Having been inspired by http://www.eviloverlord.com, I have decided to fire up the SDMB Self Righteous Clique yet again. We all had so much fun the last time, and now that I am more seasoned, I think I will make a good evil overlord. I have deposed Konrad, and assumed power myself.
I have also gotten rid of my previous cabinet, no hard feelings, and I am now accepting applications for various positions in my Legion of Doom. Some positions have already been filled, but I shall list them as an announcement of their occupancy.
The positions are as follows, all salaries are DOE:
Lackey- This person must be of VERY limited intelligence, as I will test many codes and plans on them, and if they can foil them, then I will not use those things. Must be a total sycophant, and short. No midgets, please. Not that there’s anything wrong with midgets, mind you, but I don’t want to rip anyone off. Sorry.
Number One- Sorry, ladies, I am looking for a fellow man to fill this position, but I will consider a woman if I can find one nasty, mean, conniving, sneaky, underhanded, loyal and just plain dirty enough to… what am I thinking? I am looking for a woman to fill this position!
El Presidente Numero Uno- A figurehead, must be slick and good at political nonspeak. Chevy Chase in Fletch comes to mind, if this is you, then this is the job for you.
Slick Lawyer- Sorry folks, this is the only spot whose occupant did not get fired. Assuming COLDFIRE wants to keep the job, it won’t be up for grabs.
Sexy, busty, alluring assasins- Let’s face it, an evil overlord can never have too many of these, so I will have as many sexy, busty, alluring, evil, man-hating assasins as possible. Must be female.
Sexy, busty, alluring, innocent looking secret agents- Once again, no Legion of Doom is complete without a healthy smattering of these ball-bustin’, glass-ceiling shattering, high tone bitches who make James Bond look like Homer Simpson. Serious applicants only, as this is a more demanding position than even the sexy busty alluring assasin. Must be female.
Sergeant Quake- Someone has to command my Hordes of Terror, right? This guy (has to be a guy, sorry ladies) must be able to bark out orders like Tommy Lee Jones and talk shit like Samuel L. Jackson. Basically he needs to be G.I. toilet paper: Rough, tough, and don’t take shit off no one.
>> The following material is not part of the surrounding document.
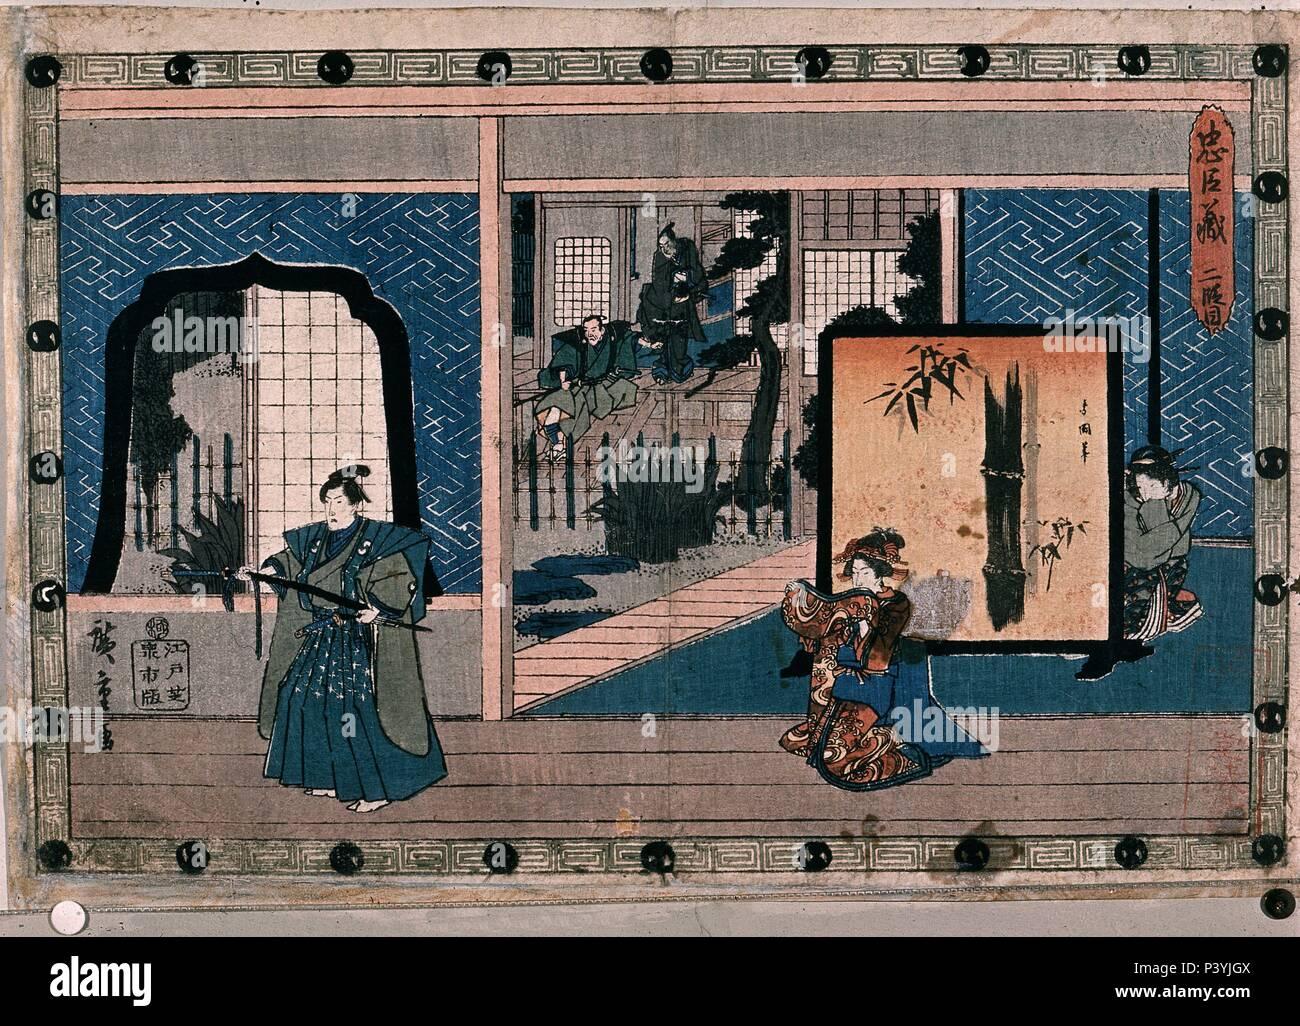 GRABADO JAPONES - ESCENARIO CON ACTORES DE TEATRO JAPONES (KABUKI) - ESCUELA UKIYO-E (MUNDO FLOTANTE). Author: Utagawa Hiroshige (1797-1858). Location: MUSEO CHIOSSONE, GENOVA, ITALIA. - Stock Image
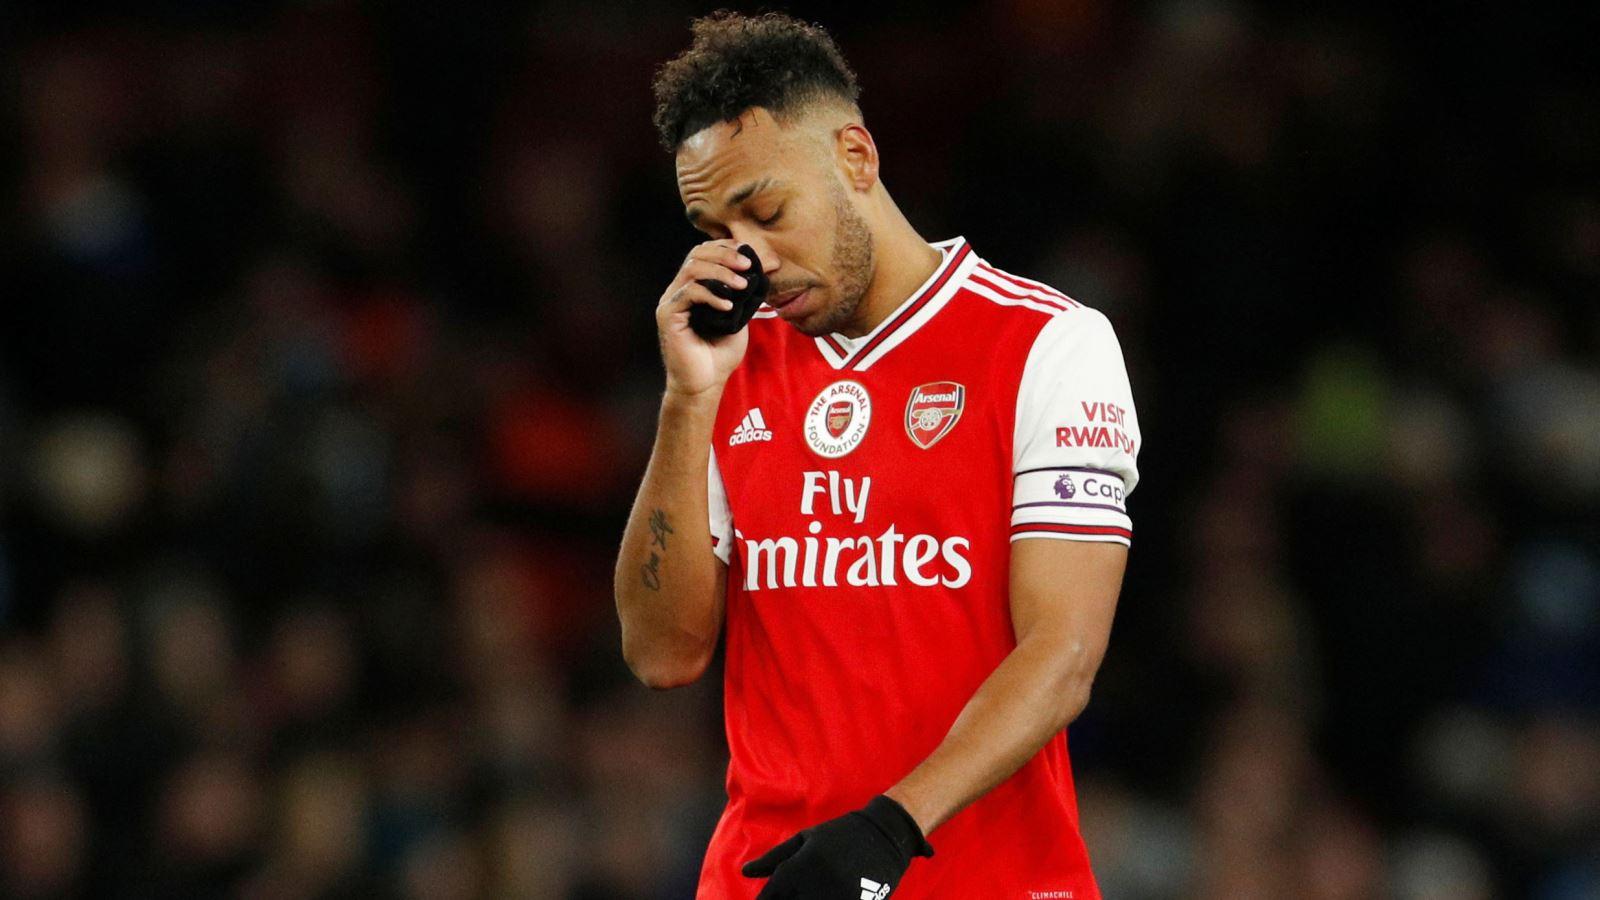 Bong da, chuyển nhượng bóng đá, chuyển nhượng MU, chuyển nhượng Barca, MU, Barcelona, chuyển nhượng Arsenal, chuyển nhượng bóng đá hôm nay, lịch thi đấu bóng đá hôm nay

Shock Troopers for Hordes of Terror- Can never have enough of these. But, as there are only so many regs in MPSIMS, I will have to settle for one or two, possibly three to represent all 3.5 million of my Shock Troopers, which were kept on hand and are very disgruntled as they did not get to go on the Guy Stuff Shuttle.
Slick, suave, debonair, lady-killing, clever-quipping, secret agent- Like the Highlander, there can be only one. Ian Fleming will roll over in his grave if we try to make more than that. Must be chock full of cheesy one liners, clever quips, and never at a loss for words. Arrogant, but in an adorable, lady-killing way. I nominate WallyM7. Do I hear a second? <second!> Good, motion has been seconded, let’s vote on it, all in favor? <Aye, Aye, Aye, Aye!> Very well, opposed? N-BANG! Motion carries, WallyM7 has the job by acclamation, he has only to accept it.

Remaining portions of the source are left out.